Tips of How to Eat and Live with Less Plastic

  1. Make cotton (calico) bags. You’ll need two sizes. Small ones for putting rice, sugar, oats (produce bought from bins) and big ones to put all your shopping into. Or use brown paper bags & cardboard boxes. You can take your own jar to Moshims.
  2. Store your re-usable bags in the car so they’re handy for whenever you shop and get into the rhythm of carrying an empty bag / french basket into a shop.
  3. Frequent more shops than just ‘your’ supermarket. Visit bulk produce stores for foods such as sugar, rice, oats etc. Explore Farmers’ Markets for bread and un-plastic-wrapped cheese. Sarah lives in Tauranga and shops at:
    Moshims
    – 504 Cameron Rd Ph: 5714450
    Bin Inn – 769 Cameron Rd Ph: 5718875
    Simplifoods – 237 Maunganui Rd Ph 5752050
    KatiKati Plant and Produce Market Waterford Rd: Friday 4pm-6pm.
    Tauranga Farmers’ Market
    : Saturday 8am – 12pm.
    Mt Maunganui Mainstreet Market: Sunday 9am -1pm
    Healthfood shops – for your bamboo toothbrush.
  4. Stock up on glass jars to store your produce. Sarah re-uses Ocean Spray’s Cranberry juice jar among assorted and Agee jars.
  5. Look on the bottom of the plastic item e.g. milk bottle, oil bottle. If it displays number 1 or 2, it can be recycled in Tauranga. Check with your local council as different regions recycle different plastics. http://www.boprc.govt.nz/sustainable-communities/get-sustainable/waste-and-recycling-directory.aspx. See a re-blogged article (coming up) to lobby Tauranga City Council to increase plastic recycling to match other main centres in New Zealand.
  6. Visit ‘Rubbish Free’ http://www.rubbishfree.co.nz/ for easy tips, recipes & encouragement.
  7. Be wise about companies adjusting a product to make it ‘appear’ more enviro-friendly. Sarah noticed a scrubbing brush was merely newly coloured brown and less glossy to make it look more ‘natural’ but it was still made of the same plastic content. Read the fine-print to find the list of materials used.
  8. Be informed about using alternative-plastics, such as cornstarch-plastics instead of crude oil-plastics.
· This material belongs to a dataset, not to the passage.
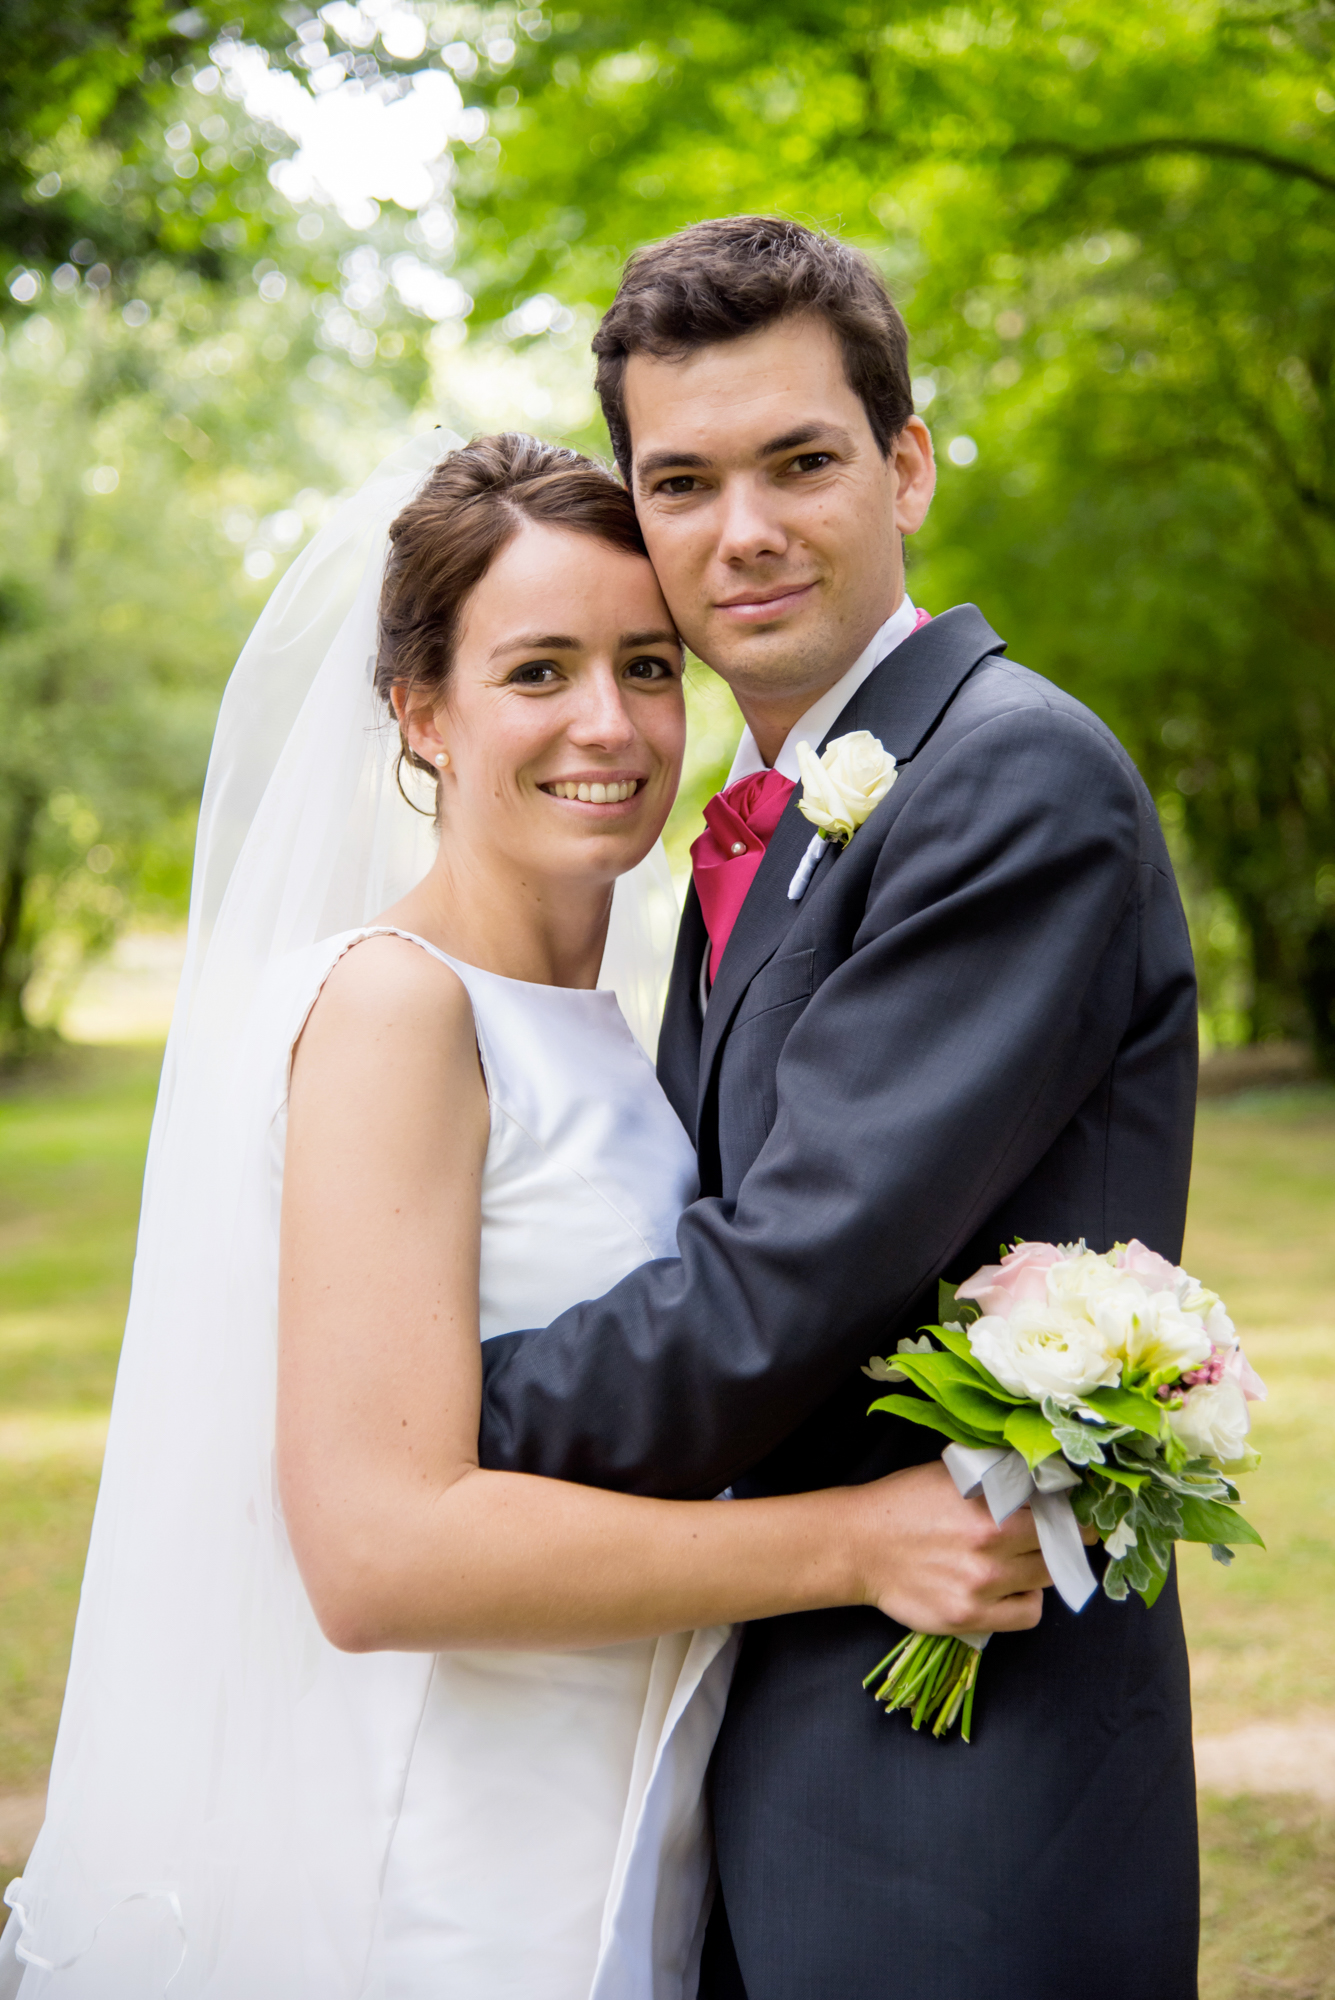 Brigitte Delibes Photographie - Photographe Mariage - Photos couple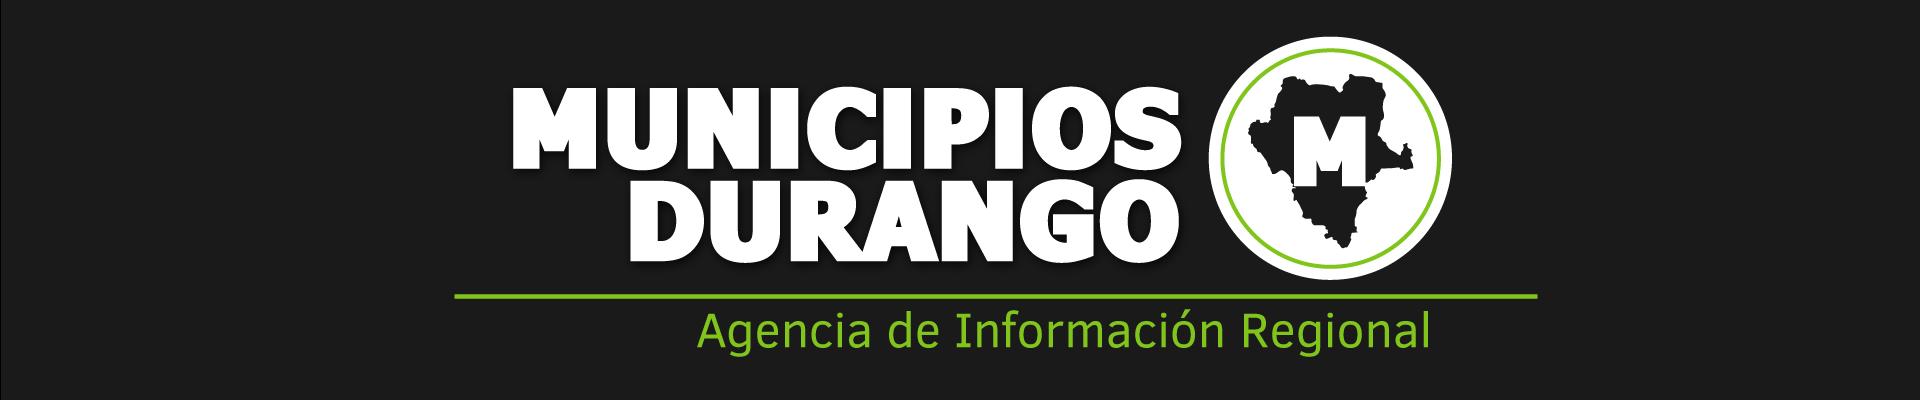 Municipios Durango

Cornstarch products need to be delivered to a commercial composter which has the capacity to compost at high temperatures to break this product down. The cornstarch alternative products (presently) are creating greater problems as they are being thrown into landfills, as opposed to being recycled, therefore not having enough oxygen to decompose and instead producing methane gas.
  9. Learn to make your own pasta, bread, muesli bars, ice-creamRubbish free has simple yoghurt and sour cream recipes.
  10. Order one of these metal lunch-boxes from Rubbish Freefor those adults and kids in your family that work / learn away from home.
  11. Get a stainless steel drink bottle and take it with you when you leave home e.g. go on a car/bike trip, to avoid buying bottled water. I bought ECO tankas for Clara and I from Storage box for about $20 each.
  12. Consider the environment before convenience e.g. go for the whole pumpkin as opposed to the pieces wrapped in glad wrap, or the loose mushrooms as opposed to those on a tetrafoam plate.
  13. Hunt for the alternative to plastic. Choose products packaged in cardboard or glass e.g. baking powder, dishwashing powder, dried spaghetti, tomato paste, curry paste. Vitawheat crackers come in a cardboard box.
  14. Acquire/buy second hand plastic toys and baby-stuff e.g. lego, highchairs. Look on trade-me, at second-hand kids’ stores or freecycle.
  15. Accept there may be the odd plastic choice in your life because you’ve considered it to be the best choice rather than a convenient or ignorant choice. E.g I’ve forgiven our children’s plastic crockery but choose glass mixing bowls as opposed to plastic. Rubbish Free ‘gurus’ choose cheese as their plastic-free anomaly.
  16. Be daring and ask your butcher/fishmonger if you can bring your own (re-usable) container as opposed to using 5 plastic bags per week for one’s meat.
  17. Boycott products that use an excessive amount of plastic for no other reason than it supposedly ‘inflates’ or makes their product ‘stand out’ on the shelf. Instead write to them (or on their facebook page) expressing your concern at their companies lack of responsibility e.g. this packet of hairclips
  18. Learn more about composting – your compost needs your toilet rolls, newspaper. If you live in Tauranga you can attend a worm composting workshop.  The next one is in September but they are registering participants now.  Each household pays $30 to attend and receives a worm bin, compost and worms (value of $225) after attending a Saturday afternoon workshop. In the four months following the workshop community volunteers will visit your household to check on your worm bin a couple of times and give advice on any issues.  Contact Kimberley Cleland at Tauranga City Council Ph 07 577 7066
  19. Use cloth/re-usable nappies. Friends recommend natural naps. They have an impressive range of colours and prints and sell at the Kids Market in Tauranga. We’ve successfully and happily used Pop-in nappies available through snazzipants, in Auckland.
  20. What tip would you add for number 20?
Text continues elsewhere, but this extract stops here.